# Hyperband and Successive Halving

#### Successive Halving:

- Successive Halving is a resource-efficient algorithm that allocates resources (e.g., time, data, or iterations) to multiple configurations and eliminates the worst-performing ones at each step.
- It starts by testing many configurations with minimal resources and progressively allocates more resources to the most promising configurations.
#### Hyperband:

- Hyperband extends Successive Halving by dynamically adjusting the allocation of resources based on the trade-off between the number of configurations tested and the resources allocated to each configuration.
- It uses a parameter called R (maximum resources per configuration) to balance exploration and exploitation.

In [None]:
import torch

# Define the objective function (to minimize)
def objective_function(x):
    return (x - 2) ** 2  # Minimum at x = 2

# Successive Halving implementation
def successive_halving(configurations, max_resources, reduction_factor):
    num_configs = len(configurations)
    resource_per_config = max_resources
    iteration = 1

    while num_configs > 1:
        print(f"Iteration {iteration}: {num_configs} configurations with {resource_per_config} resources each")
        
        # Evaluate all configurations
        scores = []
        for config in configurations:
            y = objective_function(config)  # Evaluate the objective function
            scores.append(y)

        # Sort configurations by performance (lower is better)
        sorted_configs = sorted(zip(scores, configurations), key=lambda x: x[0])
        
        # Keep the top configurations based on the reduction factor
        num_keep = max(1, num_configs // reduction_factor)
        configurations = [config[1] for config in sorted_configs[:num_keep]]
        
        # Reduce resources per configuration
        resource_per_config //= reduction_factor
        num_configs = len(configurations)
        iteration += 1

    # Return the best configuration
    best_config = configurations[0]
    best_score = objective_function(best_config)
    return best_config, best_score

# Run Successive Halving
if __name__ == "__main__":
    initial_configs = [torch.rand(1) * 4.0 for _ in range(16)]  # 16 random configurations in [0, 4]
    max_resources = 27  # Total resources
    reduction_factor = 3  # Reduce by a factor of 3 each iteration

    best_config, best_score = successive_halving(initial_configs, max_resources, reduction_factor)
    print(f"Best Configuration: x = {best_config.item():.4f}, f(x) = {best_score.item():.4f}")
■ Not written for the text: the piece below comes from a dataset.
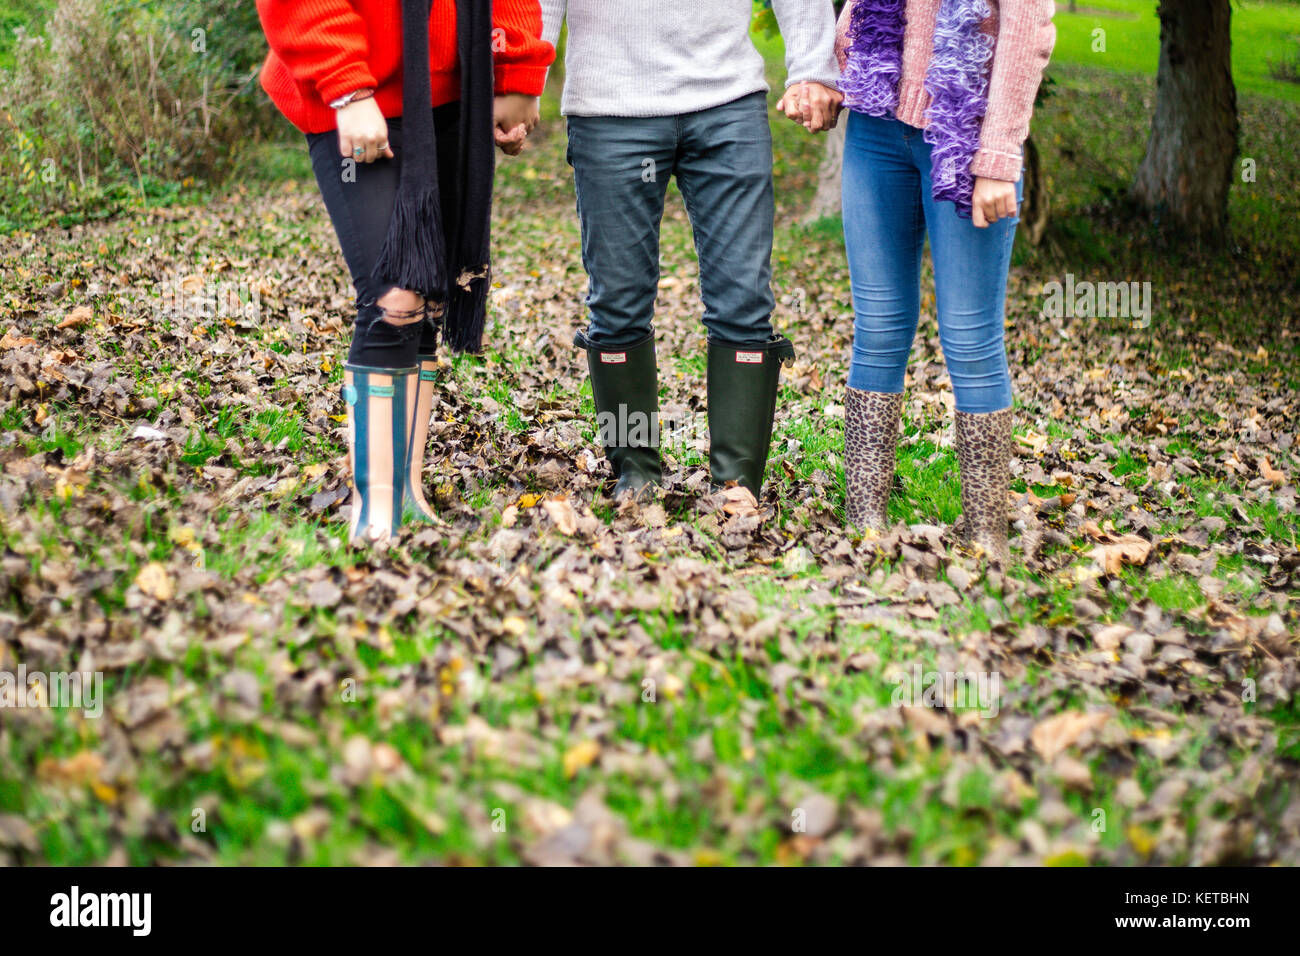 three people kicking leaves in woodland / park Stock Photo

#### Advantages of Hyperband

1. Resource Efficiency:
- Hyperband reduces wasted computational resources by focusing on promising configurations.
2. Scalability:
- Works well even with large hyperparameter spaces or expensive models, as it dynamically allocates resources.
3. Exploration and Exploitation:
- Balances testing many configurations (exploration) with refining the best ones (exploitation).
#### When to Use Hyperband

- When training is computationally expensive (e.g., deep learning models).
- When you want to explore a large hyperparameter space efficiently.
- When you need a dynamic trade-off between the number of configurations tested and the resources allocated.